As for the update at the end of your last message: there are plenty traces that span logical shards so I'm not sure what "sampling by shard" means in that context. Also, sampling is done both to reduce the load on the tracing system and on the host process: if the host process is in shard_id % 1000 == 0, then everything therein will be sampled and there can be an observer effect / perf degradation.

bhs commented 8 years ago

I believe that the SpanContext and Reference concepts deal with this issue cleanly. I'll close in a few days if there are no objections.

yurishkuro commented 8 years ago

@bensigelman I prefer to keep this open until we define more exotic SpanReferenceTypes that can actually represent the scenarios mentioned here.

bhs commented 8 years ago

Thinking more about this, the other thing we're missing (in addition to more exotic reference types) is the capacity to add References during the lifetime of a Span, and not just at start time.

Since both of these are backwards-compatible API additions, I'm going to remove the "1.0 Spec" milestone for this issue.

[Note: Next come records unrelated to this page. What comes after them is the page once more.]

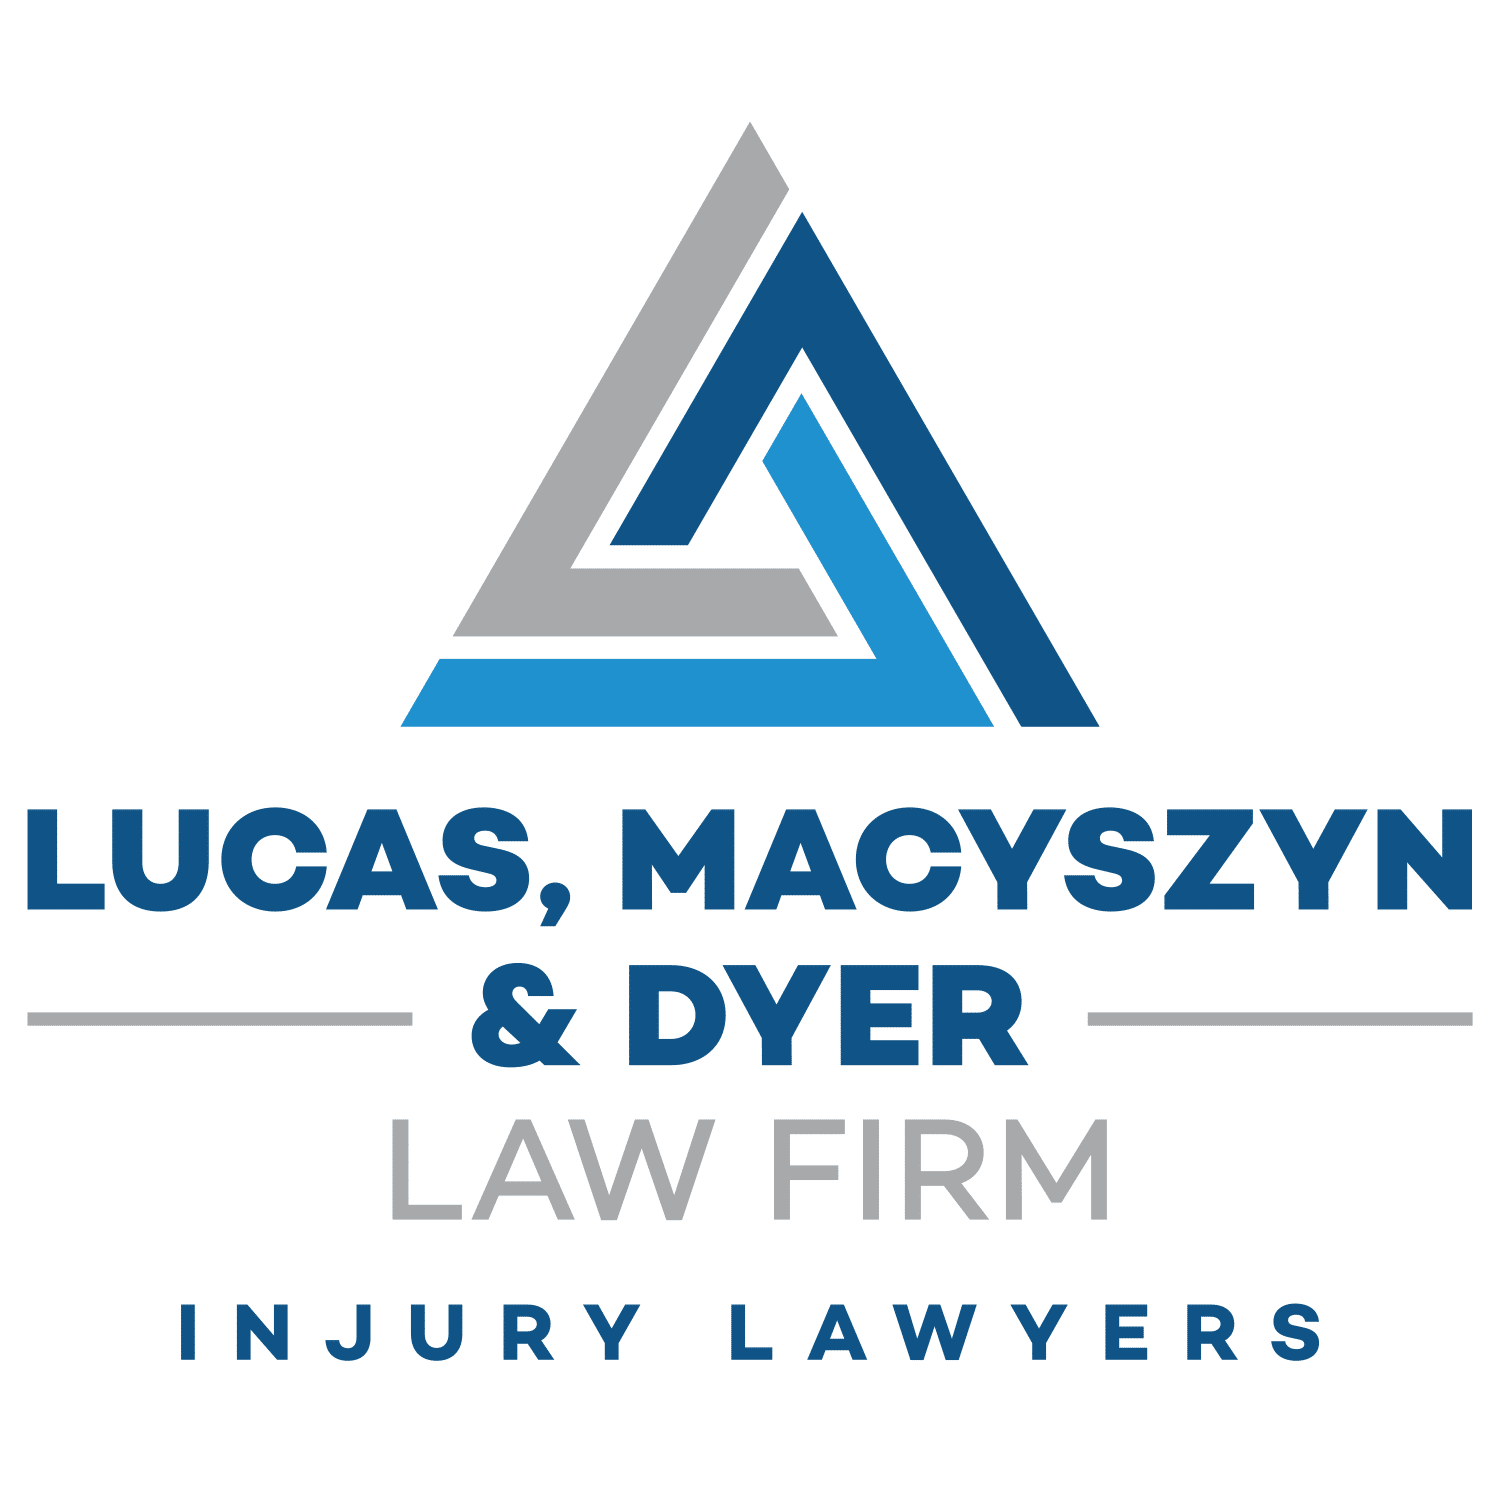 Lucas, Macyszyn & Dyer Law Firm Injury Lawyers
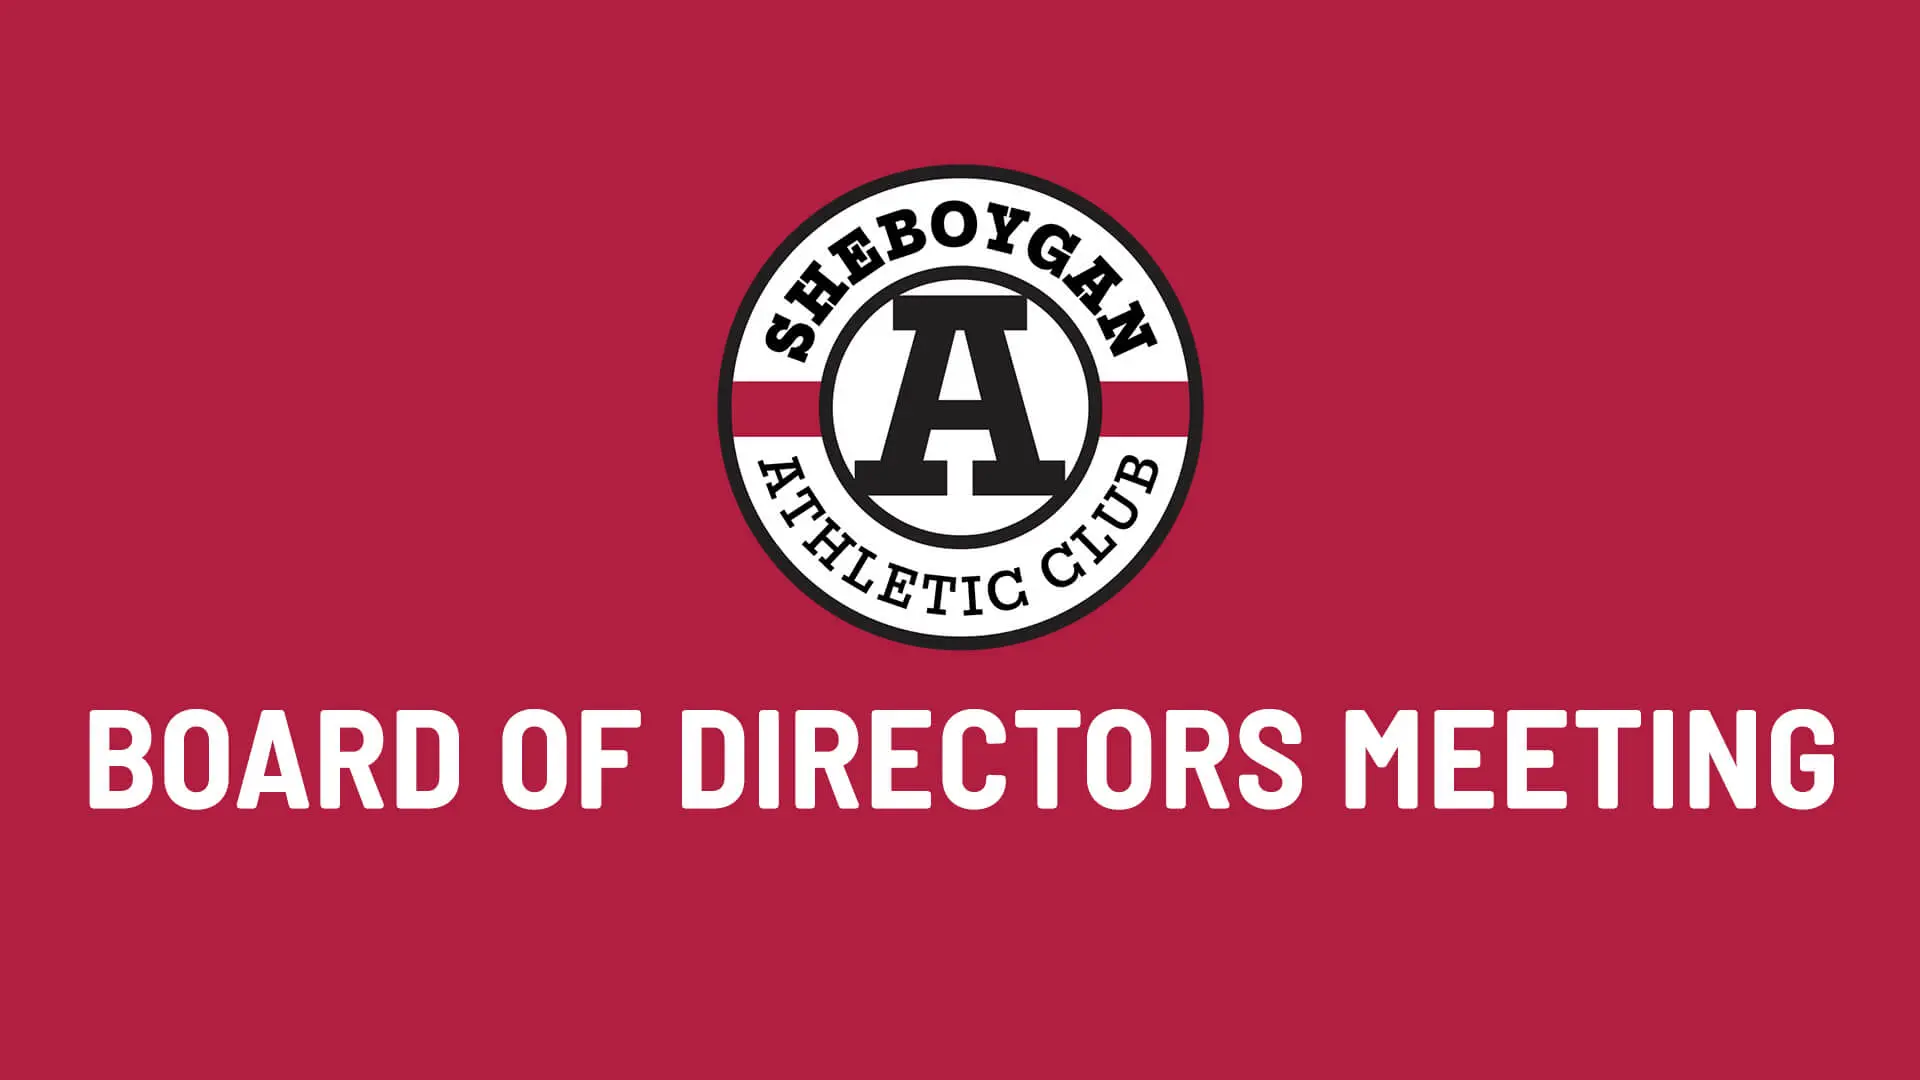 Sheboygan Athletic Club Board of Directors Meeting
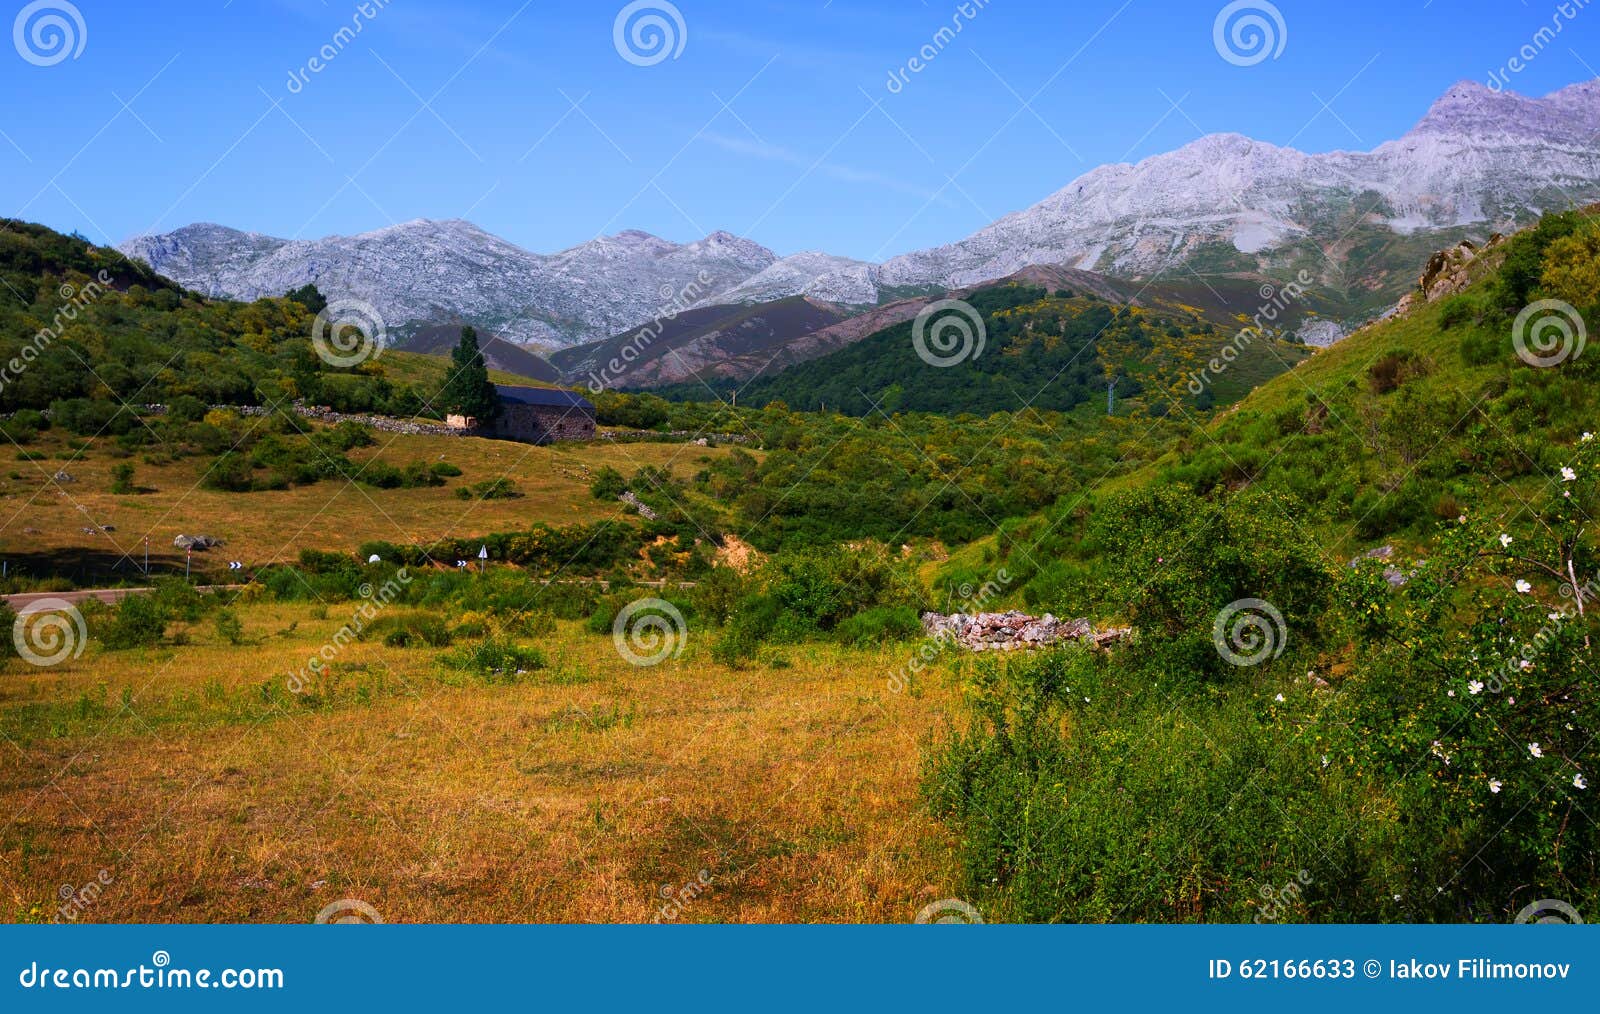 tranquil mountain landscape
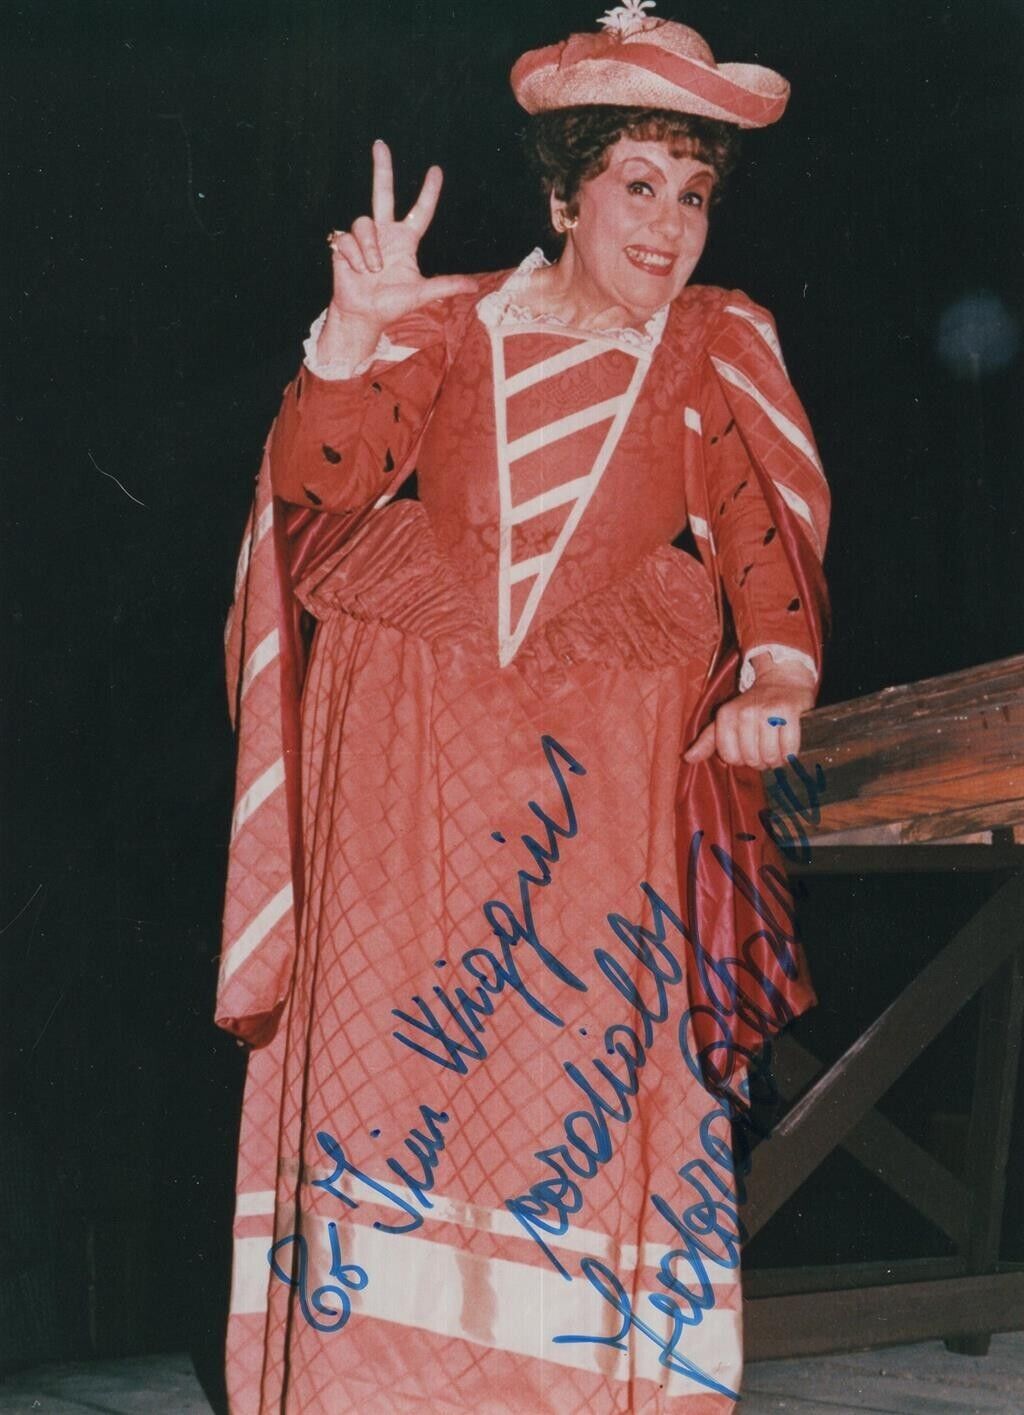 Fedora Barbieri- Signed Photograph (Opera Singer)

yurishkuro commented 8 years ago

a) so we're going with 1.1, not 2.0? b) can you give an example where it's necessary to attach span reference after the span has started?

tinkerware commented 8 years ago

@yurishkuro For me, it would be a group commit operation that does not know the ancestor commits before creating the span. It would need to capture the span contexts from the individual commit operations, put them in a set, then attach each one to the group commit span with a Groups reference type. Without the ability to attach span references later on, the instrumentation gets unwieldy; you have to capture the starting timestamp of the group commit, then start the span with the explicit timestamp. This breaks the typical code flow where you can use a try-with-resources clause or equivalent to surround the instrumented block, more so if you are also trying to capture faults/exceptions.

Another example (one that I'm currently working on) is integrating with an in-process instrumentation library. It's a lot more convenient to be able to attach references after creating a span; I don't have to worry about having all references in order from ancestor spans in the instrumentation library at the point where I need to create the descendant span.